Important acquisition by Loomis in the USA
The Swedish cash handling company Loomis’ US subsidiary has reached an agreement to acquire the cash handling business of the American company Pendum LLC. The purchase price amounts to 100 MUSD, corresponding to approximately 640 MSEK.
Operations acquired include cash replenishment and management of 43,000 ATMs across the US and with an annual turnover of 100 M USD. However, Pendum’s ATM maintenance and repair business, which includes first and second line maintenance services and parts and product sales for ATMs will remain with Pendum and are not part of the Loomis acquisition.
The acquisition will add revenue of approximately 65 MUSD to Loomis’ US subsidiary during 2011, corresponding to approximately 420 MSEK, as compared to the total turnover of 4 billion SEK in 2010. Operations are expected to give a positive contribution to Group income in 2011.

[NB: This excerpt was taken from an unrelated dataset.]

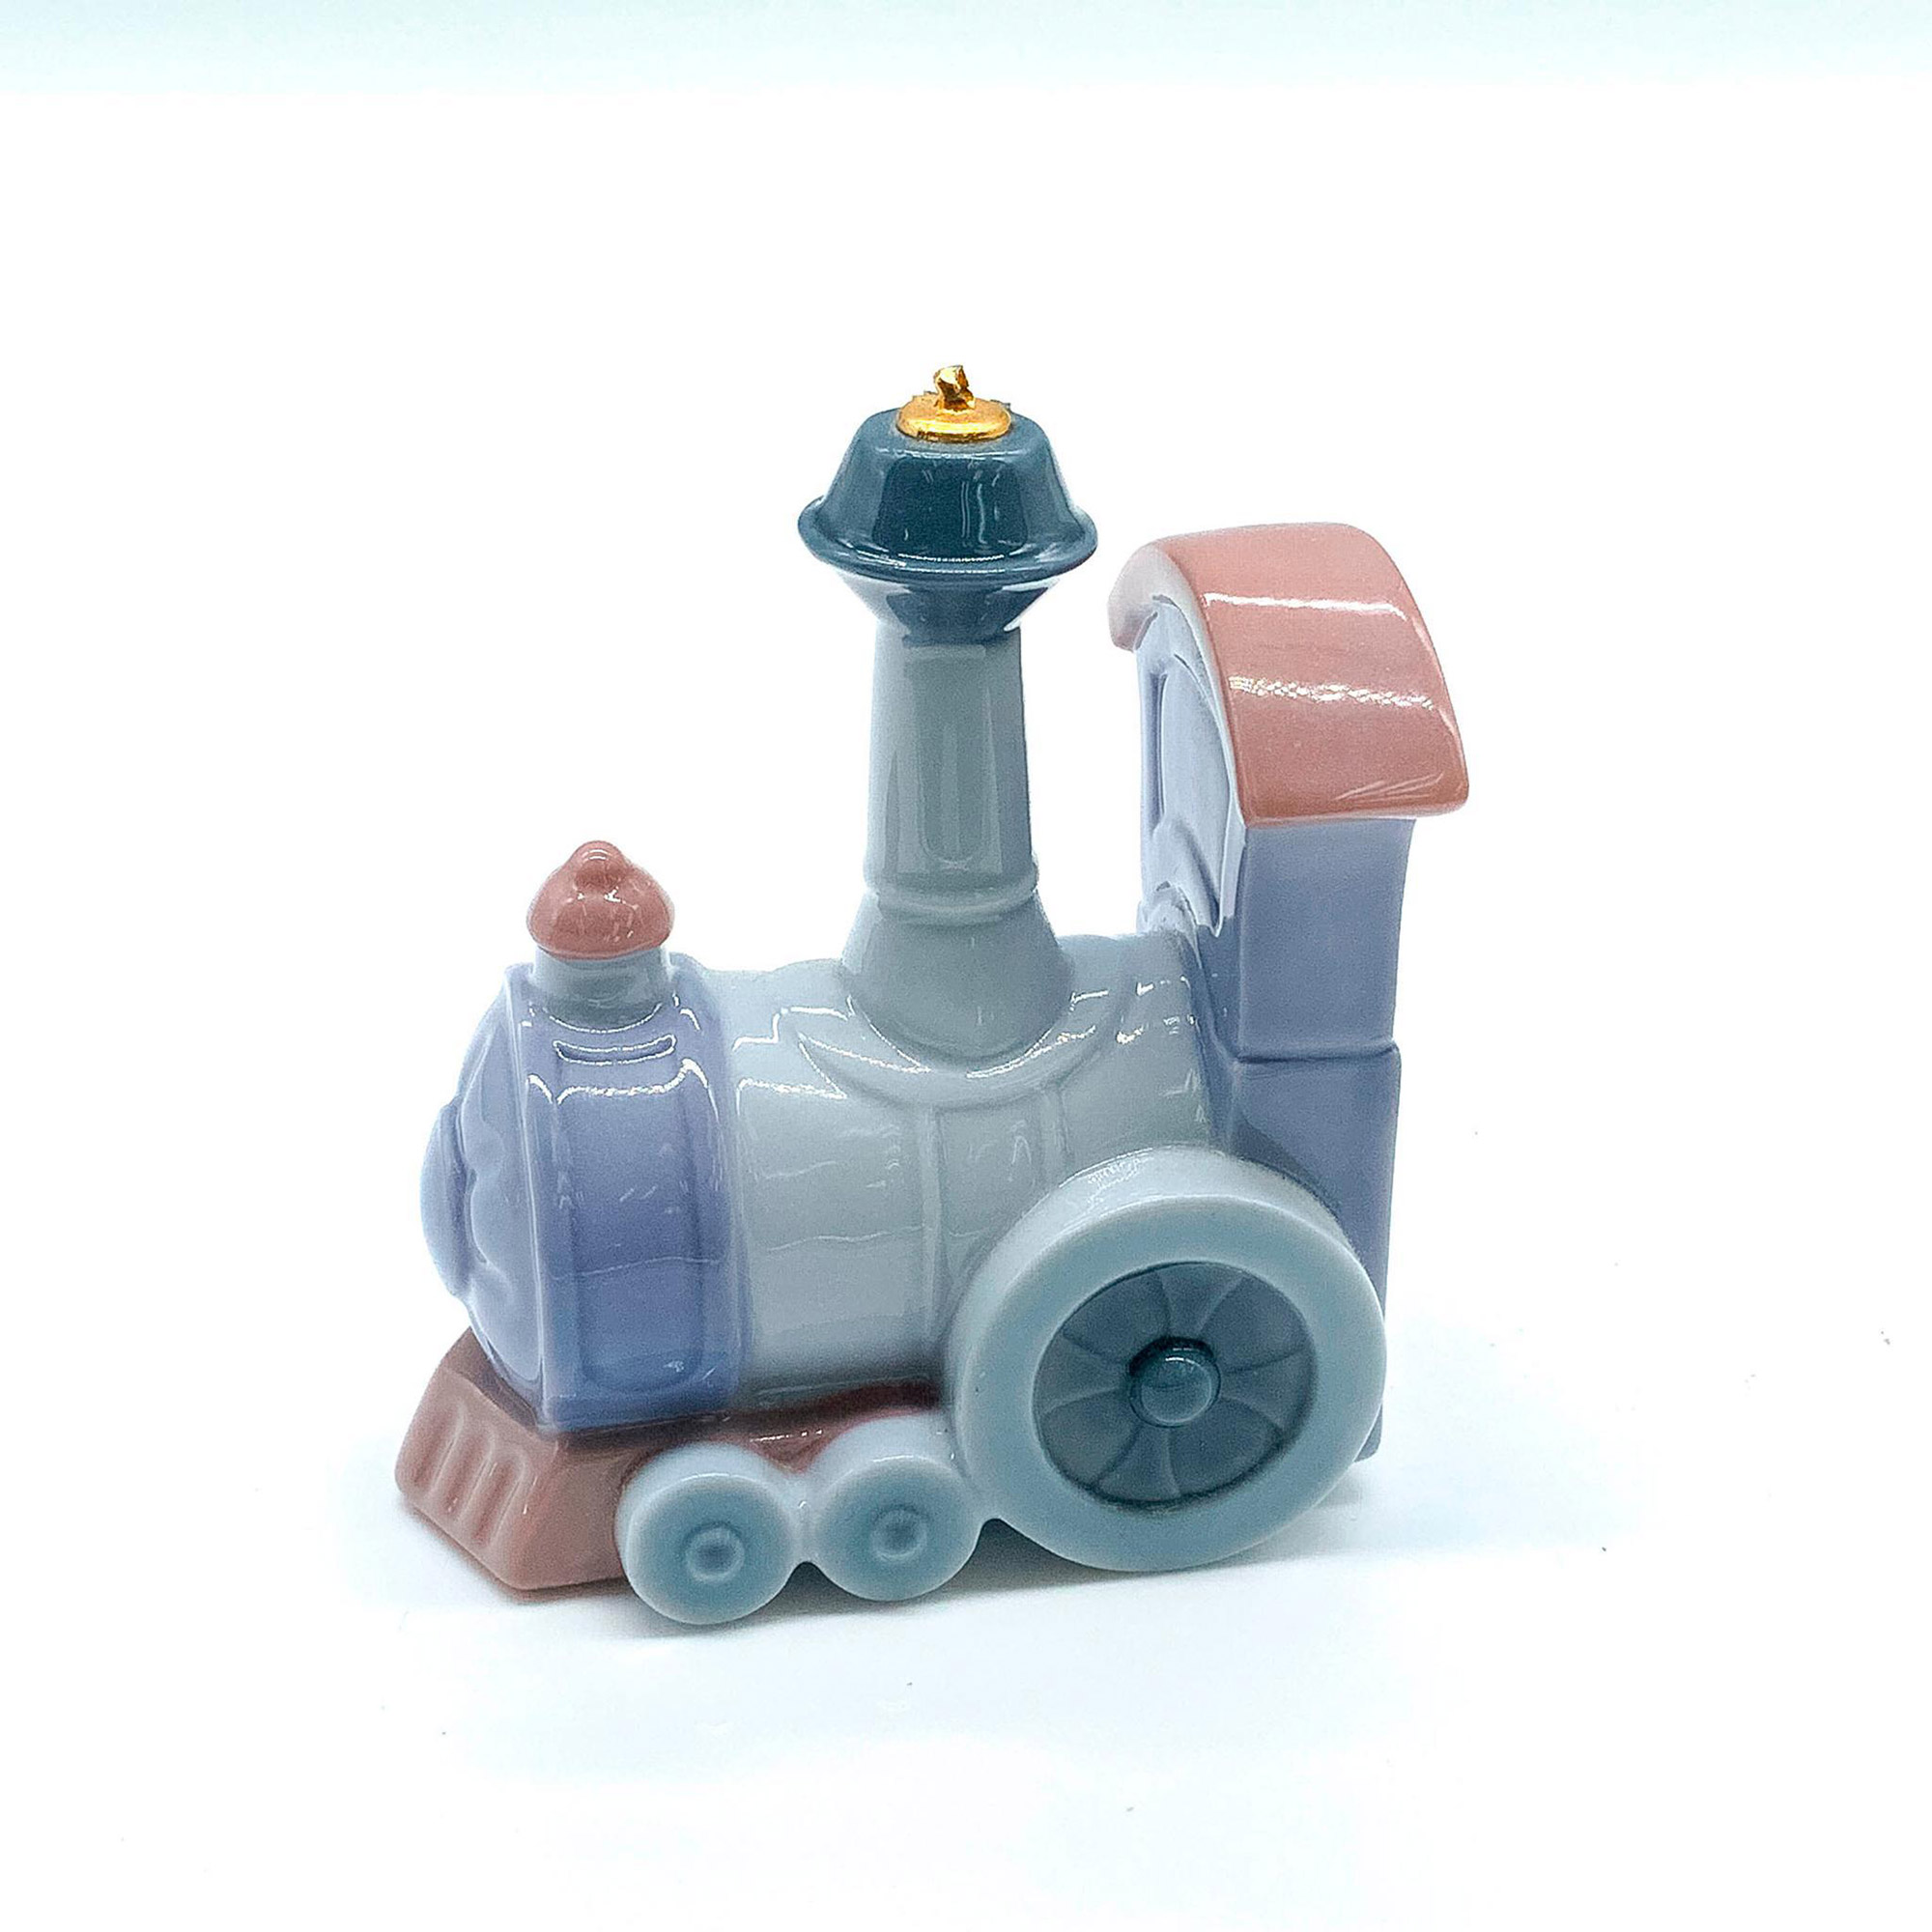 Train 1006264 - Lladro Porcelain Figurine - Image 2 of 4

Most of the Pendum operations that we are acquiring will be incorporated in our existing organisation and structures, which will increase productivity at a large number of our branch offices. At the same time we are strengthening our geographical presence and market position in several important regions, among them Ohio and Kentucky, says Lars Blecko, CEO of Loomis.
Lars Blecko also notes that the acquired operations will widen the base for an increased focus on comprehensive cash handling solutions. With the acquisition of the cash handling business of Pendum, Loomis is able to expand its offering of nationwide Cash Management Service (CMS).

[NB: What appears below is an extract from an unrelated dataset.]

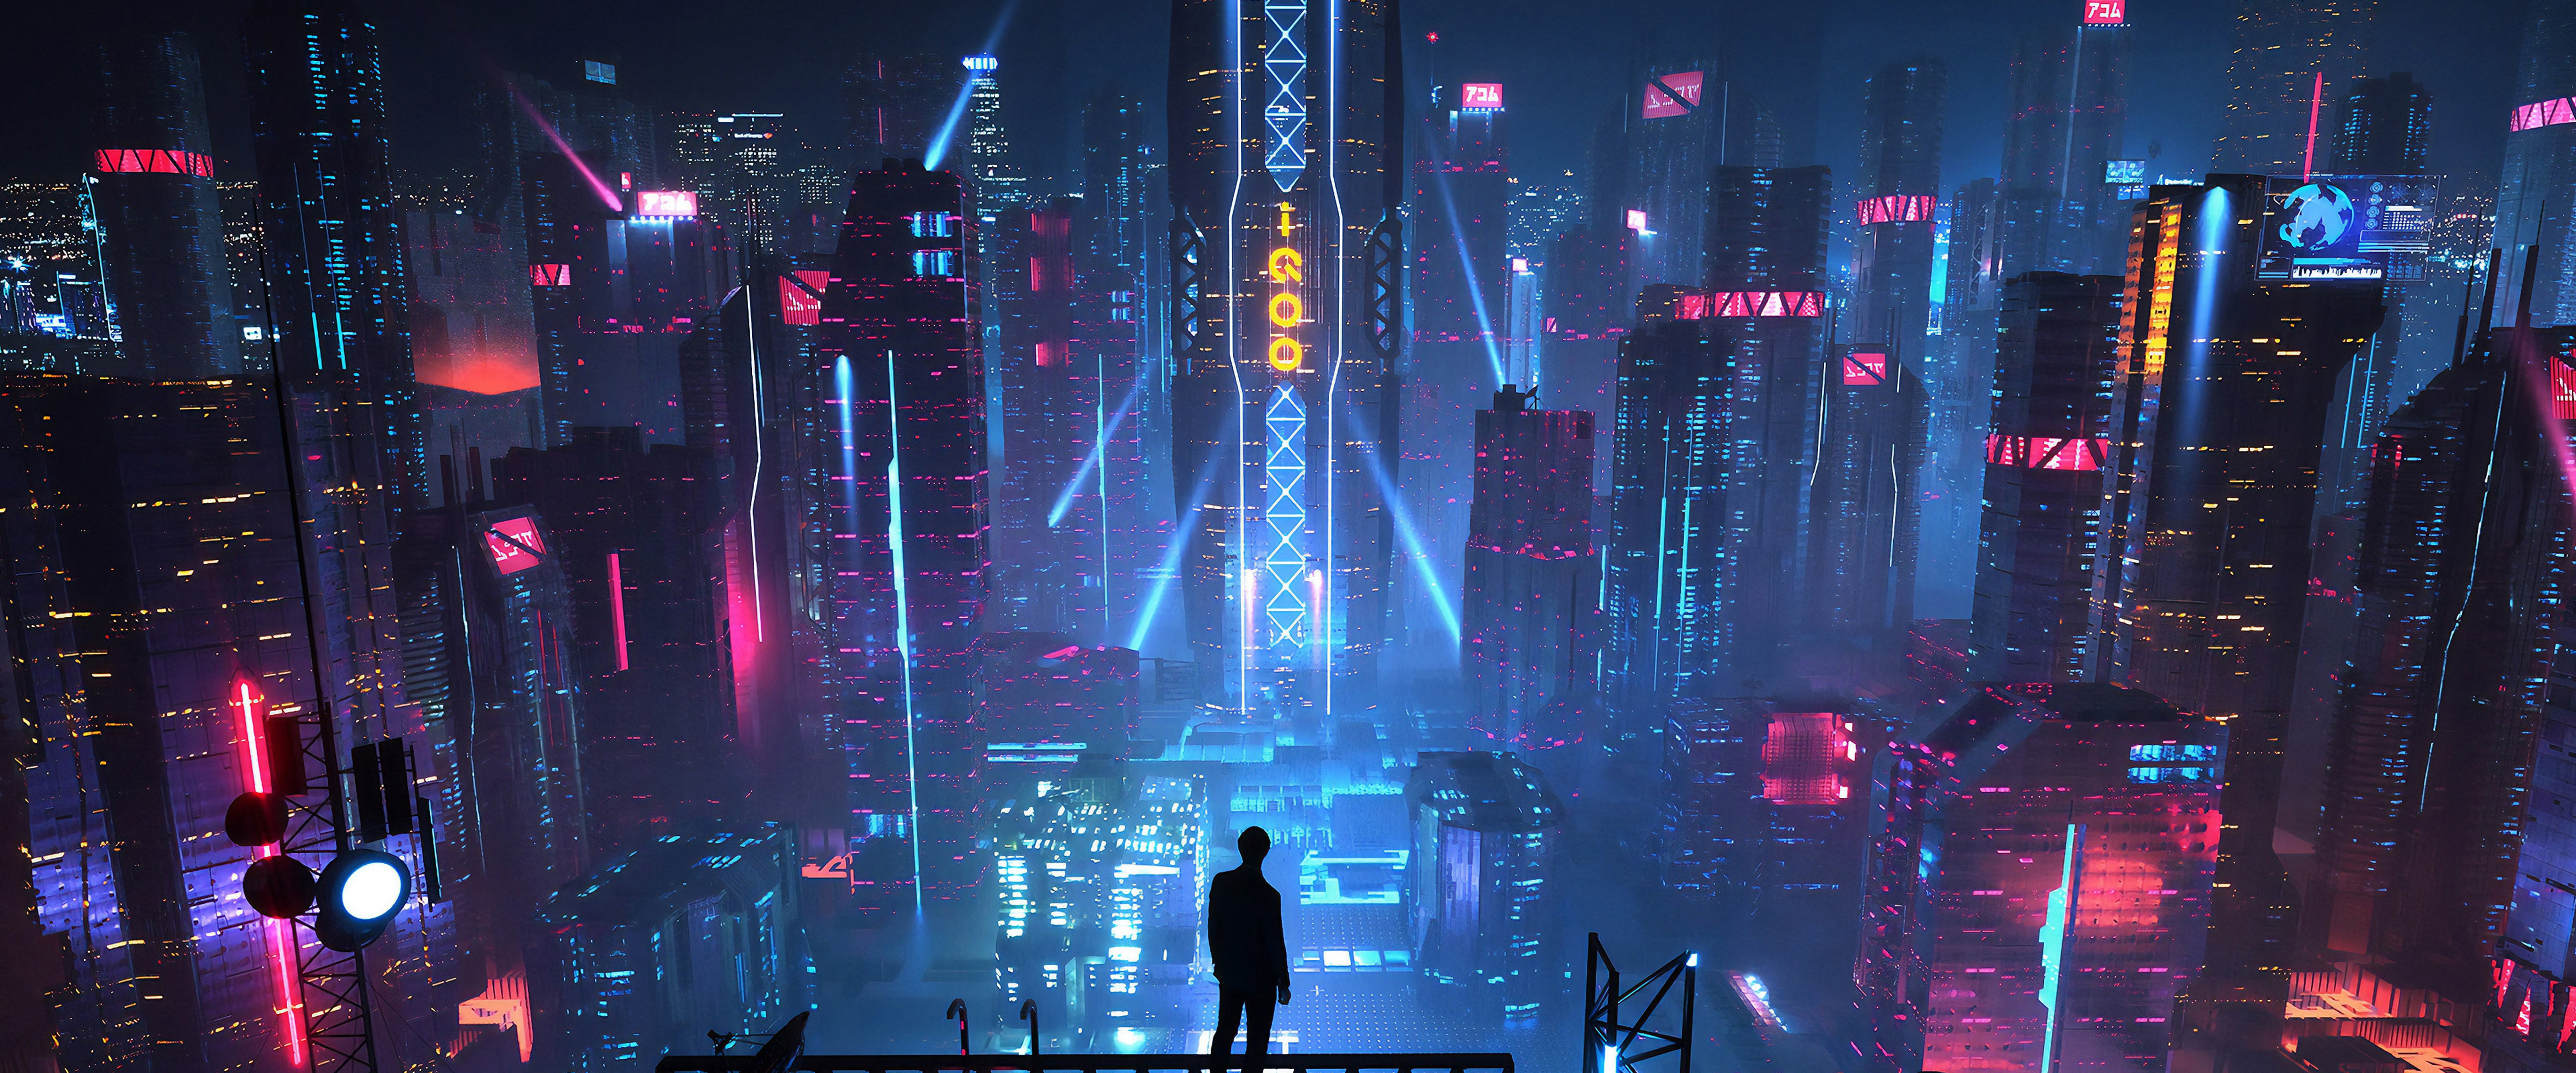 Sci Fi City Buildings Night Cityscape 4k Wallpaper

One of Loomis' long-term goals is to increase the share of business consisting of comprehensive solutions rather than just cash transportation. Loomis aims to serve its customer's total cash handling needs as its core focus and sees this acquisition as a next step in capitalizing on the emerging opportunities in the cash handling arena.
The acquisition of Pendum’s cash handling operations is an important contribution to the Loomis Group strategy to focus on growth, both through acquisitions and organically.
The target closing date for the acquisition is April 30, 2011, which means that the operations will be consolidated by Loomis as of that date. The closing of the transaction is subject to customary conditions, such as regulatory approval.
During 2010 Loomis made three acquisitions in the US, with a total turnover of over 10 MUSD.